# Affirming a disjunct

The formal fallacy of affirming a disjunct also known as the fallacy of the alternative disjunct or a false exclusionary disjunct occurs when a deductive argument takes the following logical form:

A or B
A
Therefore, it is not the case that B

Or in logical operators:

$p \vee q$
$p$
${} \vdash {}$ ¬ $q$

Where ${} \vdash {}$ denotes a logical assertion.

## Explanation

The fallacy lies in concluding that one disjunct must be false because the other disjunct is true; in fact they may both be true because "or" is defined inclusively rather than exclusively. It is a fallacy of equivocation between the operations OR and XOR.
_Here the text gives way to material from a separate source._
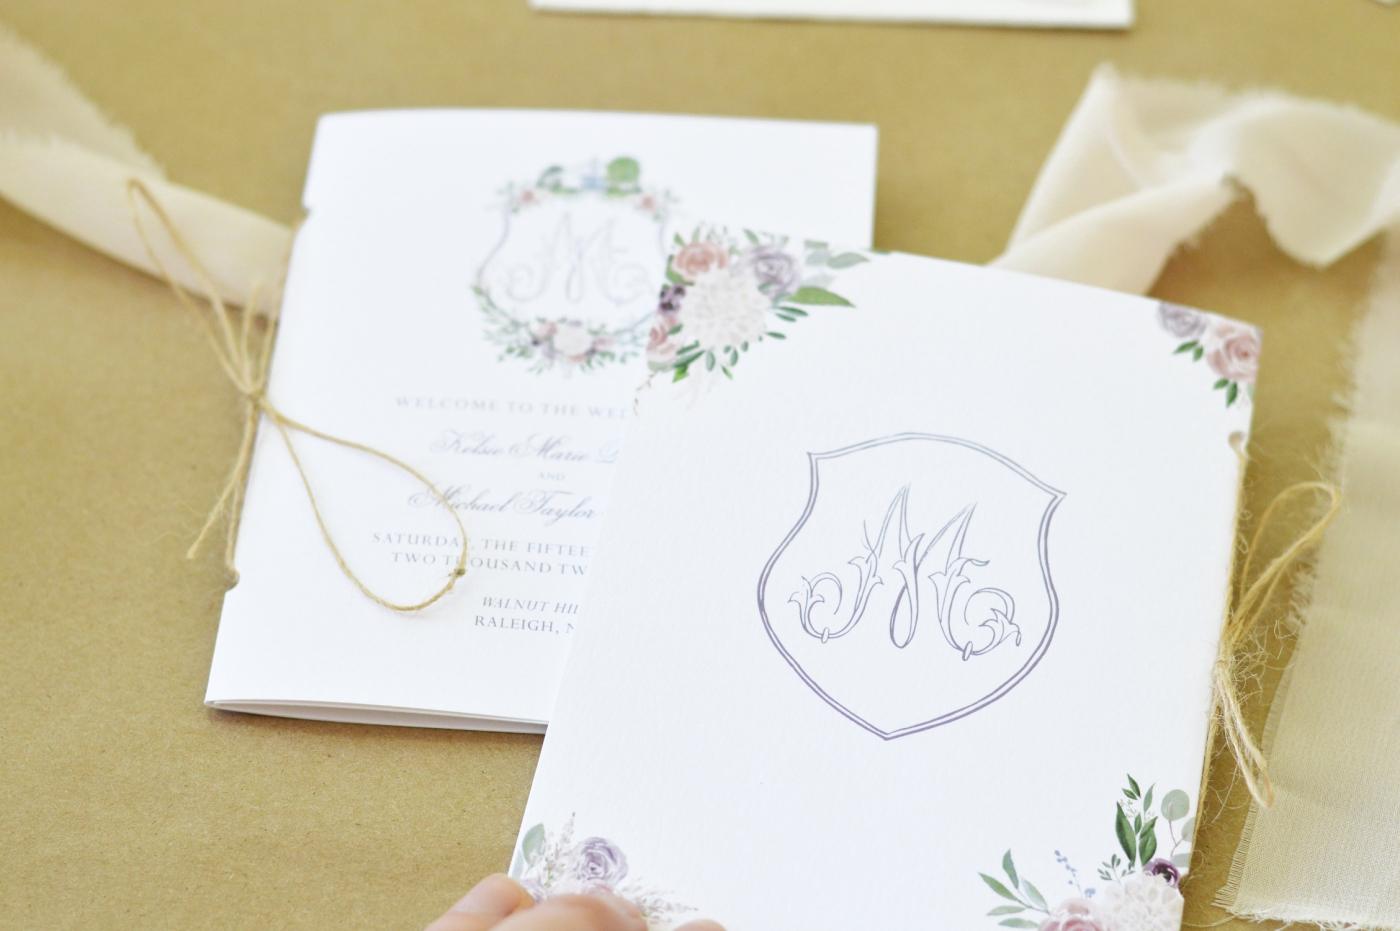 wedding-at-walnut-hill-in-Raleigh-Ashley-Triggiano-17

Affirming the disjunct should not be confused with the valid argument known as the disjunctive syllogism.

## Example

The following argument indicates the invalidity of affirming a disjunct:

Max is a cat or Max is a mammal.
Max is a cat.
Therefore, Max is not a mammal.

This inference is invalid. If Max is a cat then Max is also a mammal. (Remember "or" is defined in an inclusive sense not an exclusive sense.)

A second example provides a first proposition that appears realistic and shows how an obviously flawed conclusion still arises under this fallacy.

To be on the cover of Vogue Magazine, one must be a celebrity or very beautiful.
This month's cover was a celebrity.
Therefore, this celebrity is not very beautiful.